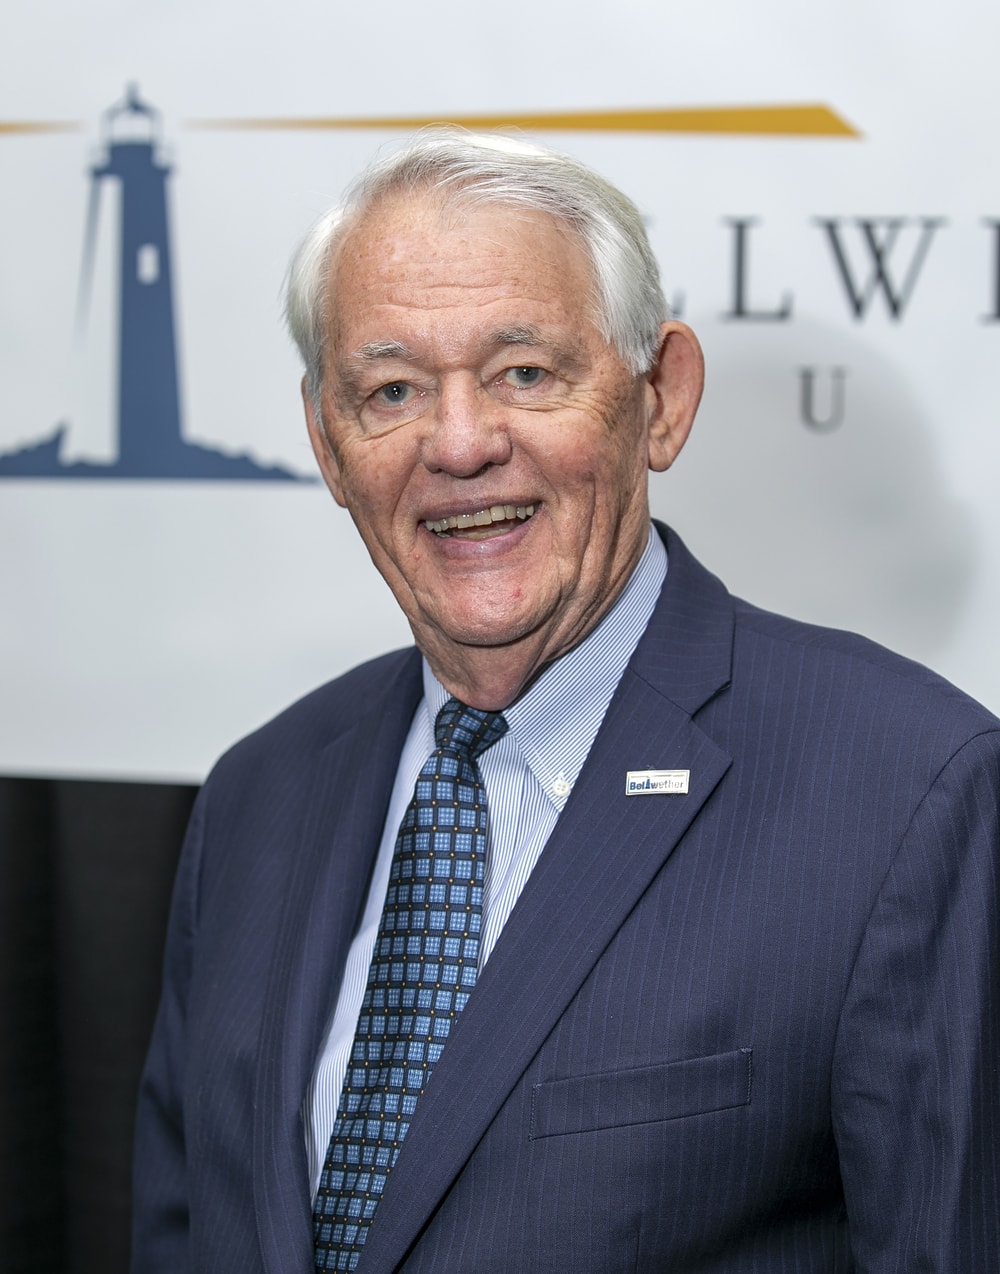 Classic and vintage Hall of Famer: Lee Boergadine (Bellwether Class of 2008), historically the second inductee into the Hall of Fame for Healthcare Supply Chain Leadership.
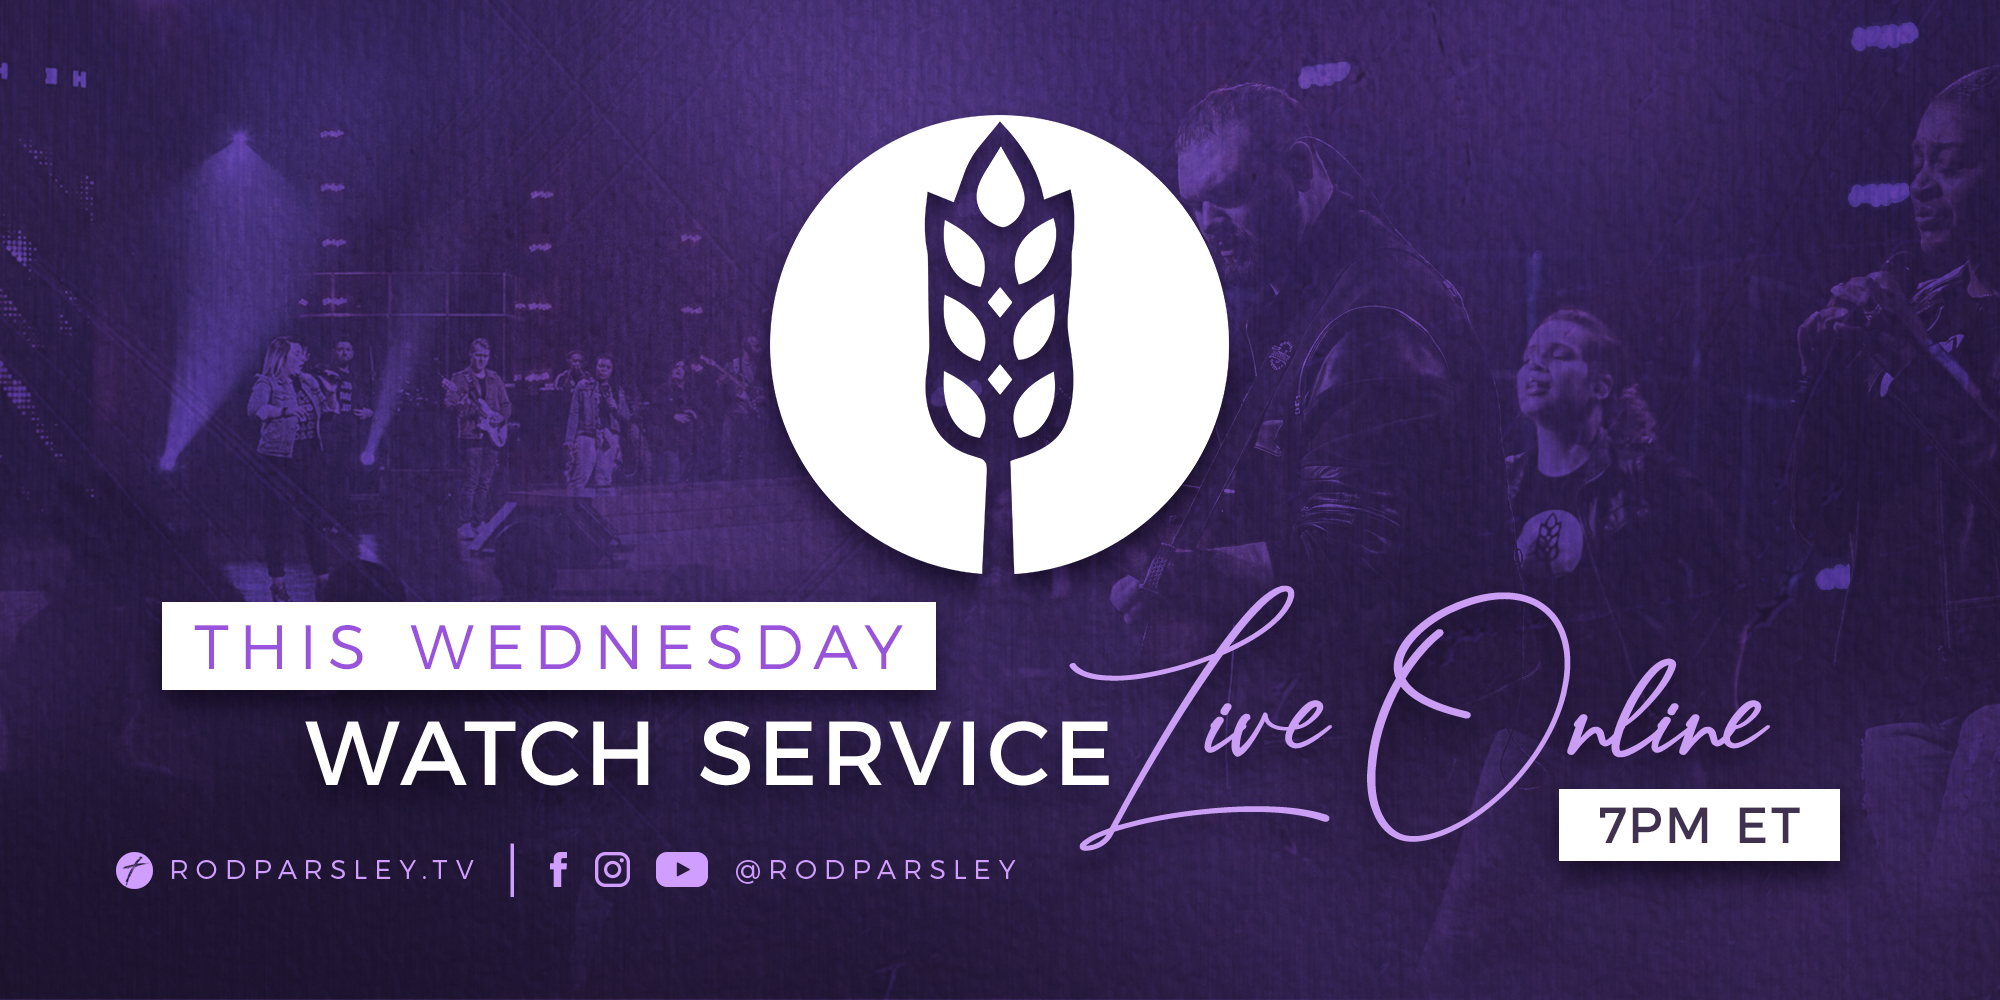 This Wednesday watch service live online 7PM ET rodparsley.tv facebook instagram youtube @rodparsley
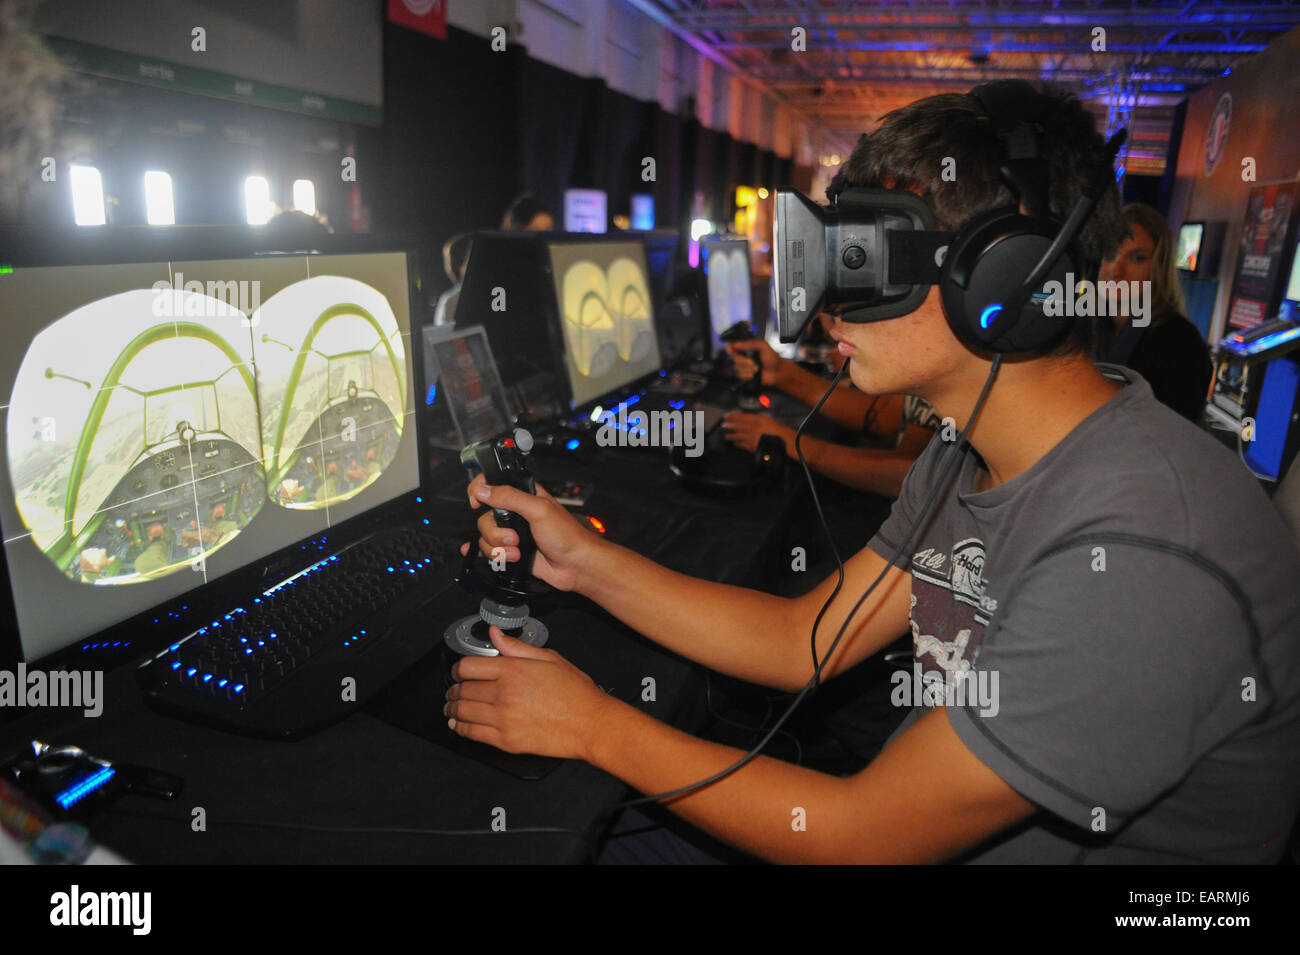 August 13, 2014 - Paris, France:  A video game player tries the Oculus Rift, a 3D virtual reality headset. The computer screen d Stock Photo

☆ ☆ ☆ ☆ ☆

ABOUT THIS EXERCISE: When you retype the data above, match every line exactly and leave the pictures behind.

TASK RESULT:
 Classic and vintage Hall of Famer: Lee Boergadine (Bellwether Class of 2008), historically the second inductee into the Hall of Fame for Healthcare Supply Chain Leadership.
 This Wednesday watch service live online 7PM ET rodparsley.tv facebook instagram youtube @rodparsley
 August 13, 2014 - Paris, France:  A video game player tries the Oculus Rift, a 3D virtual reality headset. The computer screen d Stock Photo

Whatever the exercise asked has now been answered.